* **Collected data**
++++

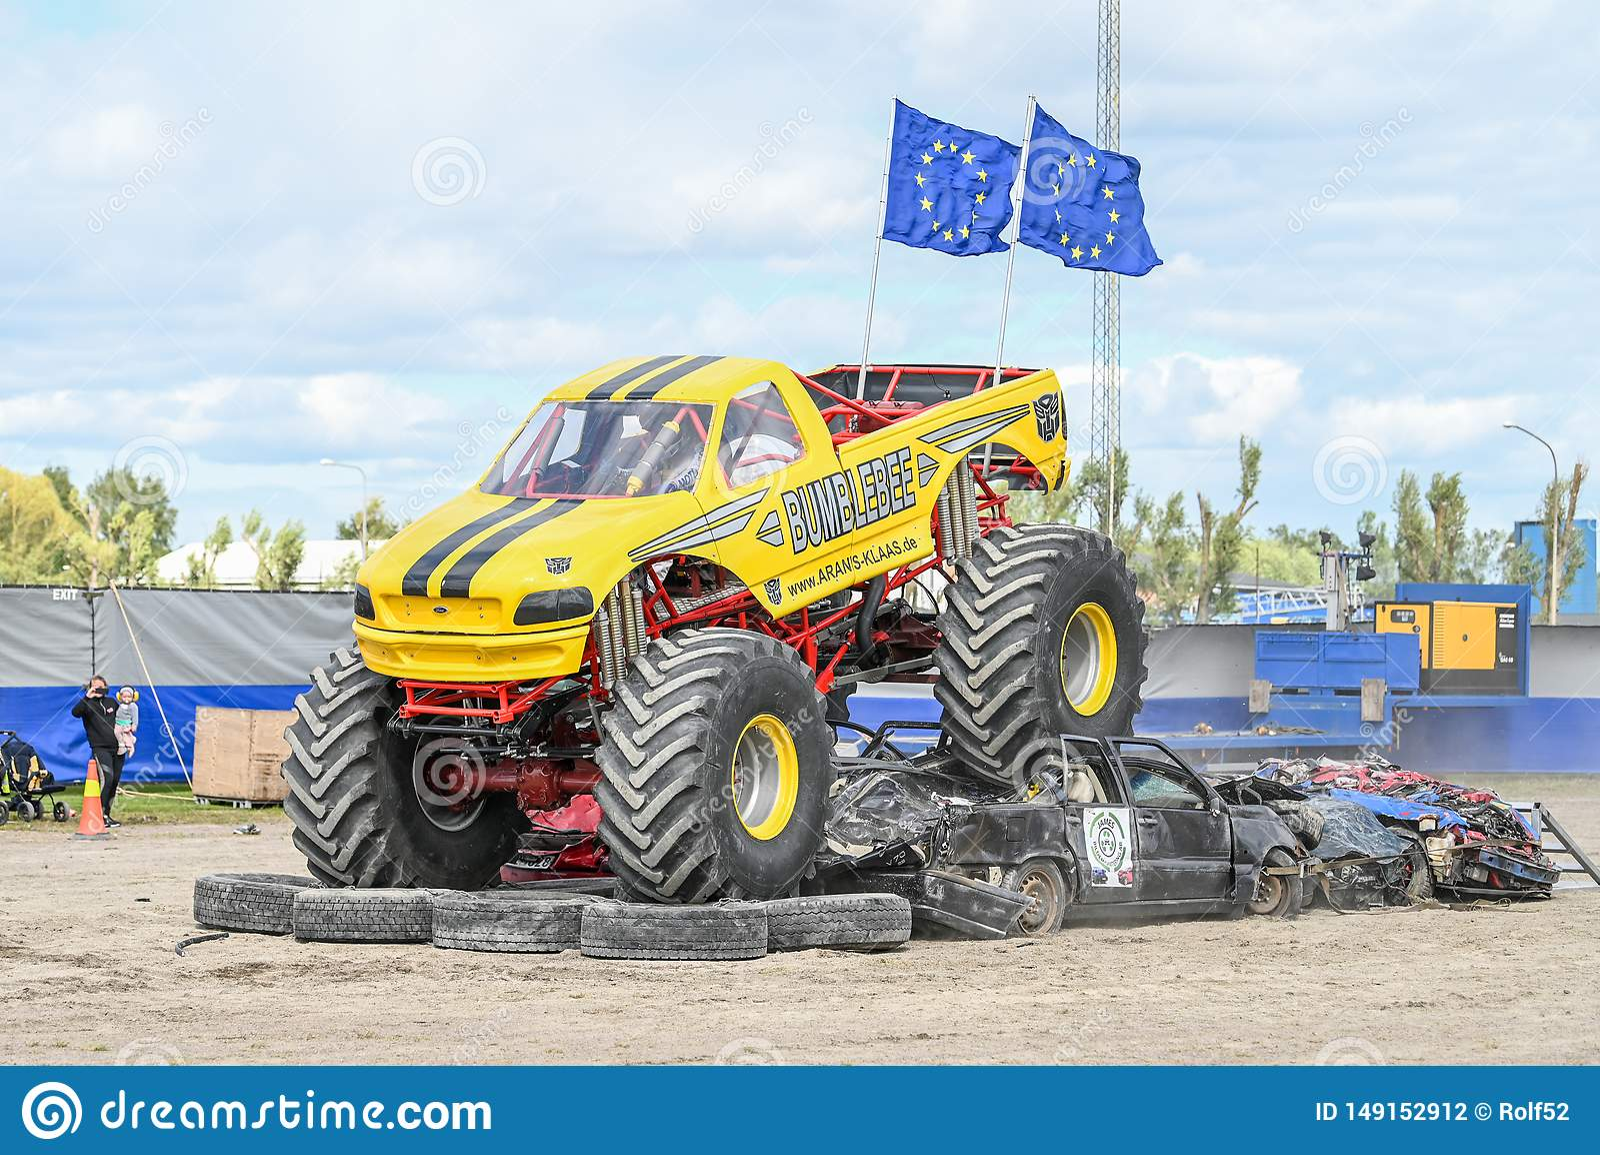 Mostra do monster truck
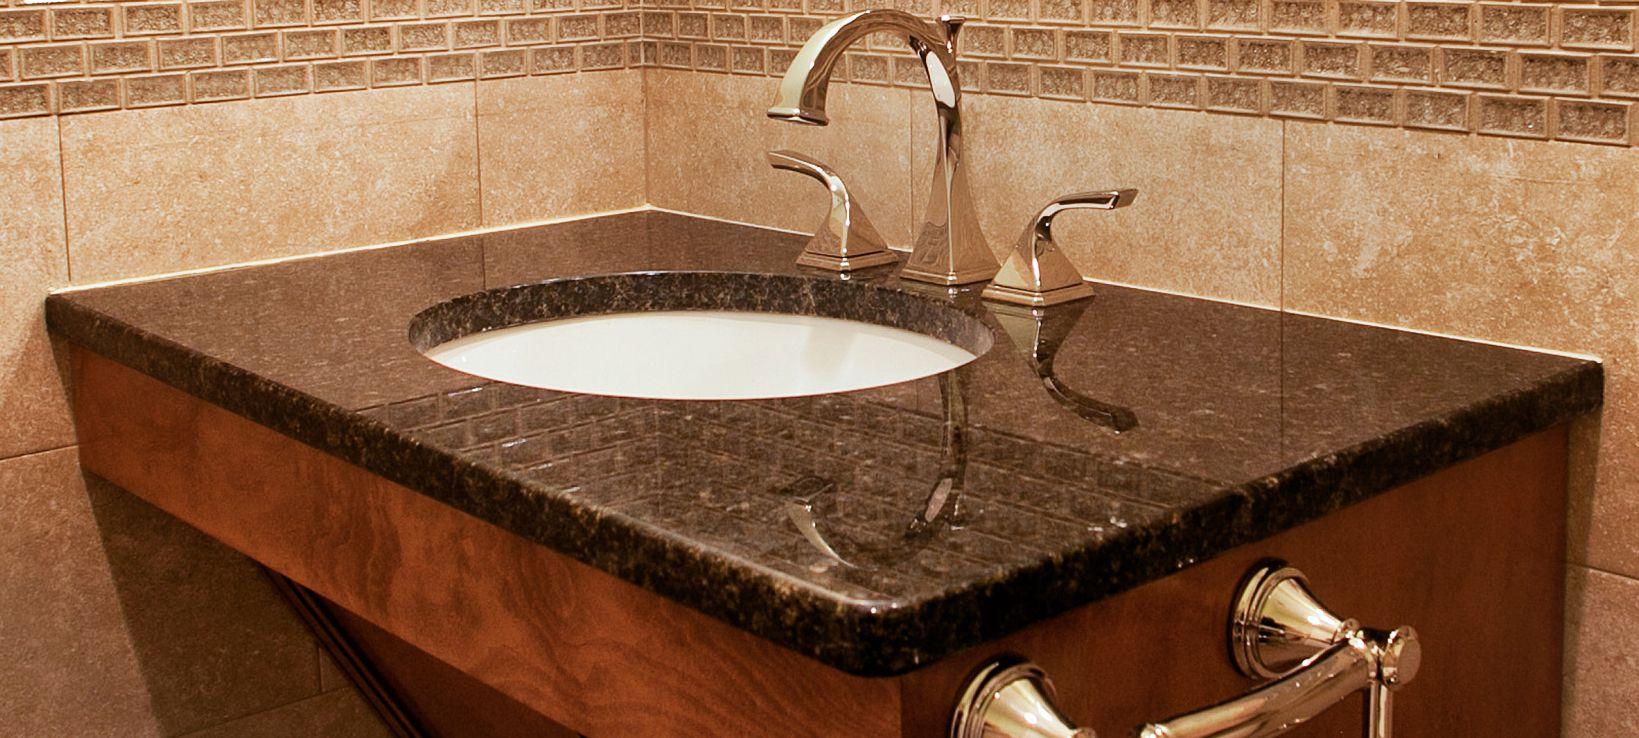 UBA Tuba granite counter top with under-mount, single-bowl ...
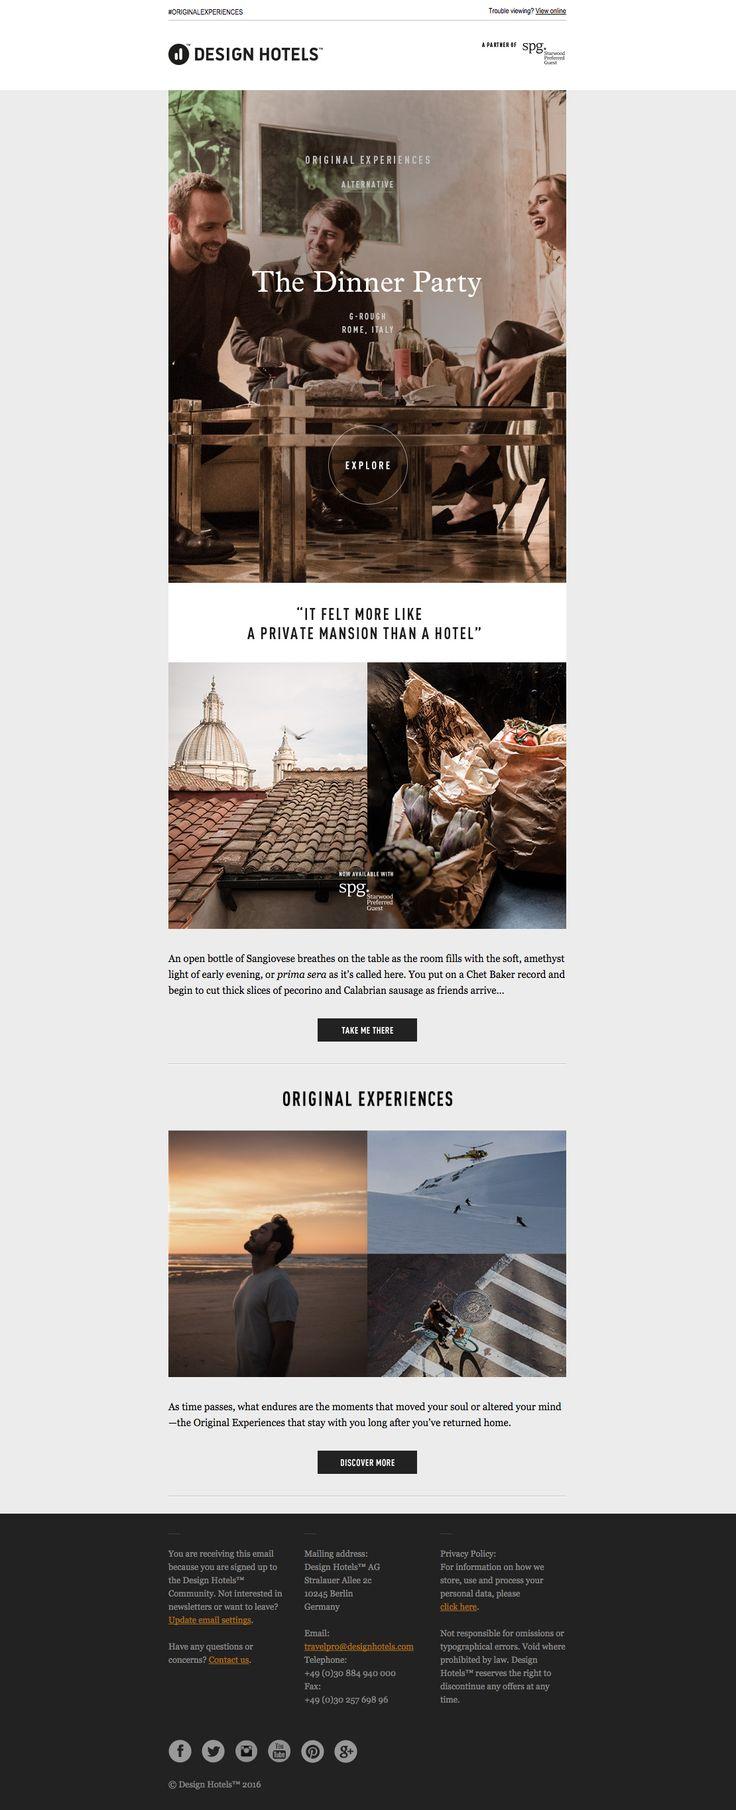 design hotels newsletter
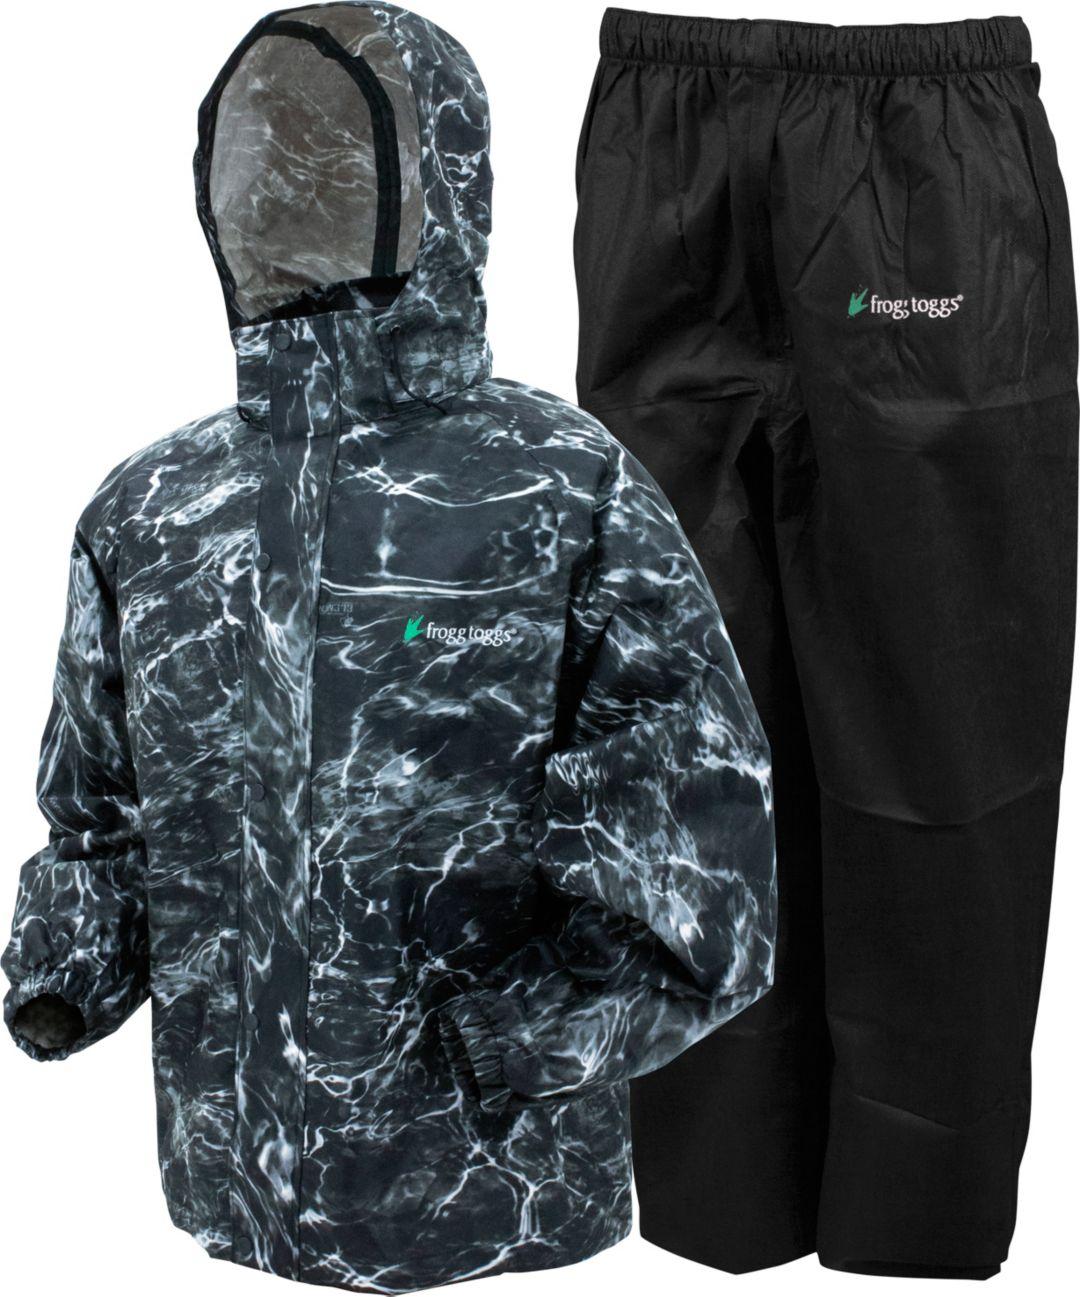 055331bef1a34 frogg toggs Men's All Sports Rain & Wind Suit | Field & Stream

++++

* **Task to carry out**
Copy out the listing exactly as it stands, but not the pictures.

* **Answer area**
 Mostra do monster truck
 UBA Tuba granite counter top with under-mount, single-bowl ...
 design hotels newsletter
 055331bef1a34 frogg toggs Men's All Sports Rain & Wind Suit | Field & Stream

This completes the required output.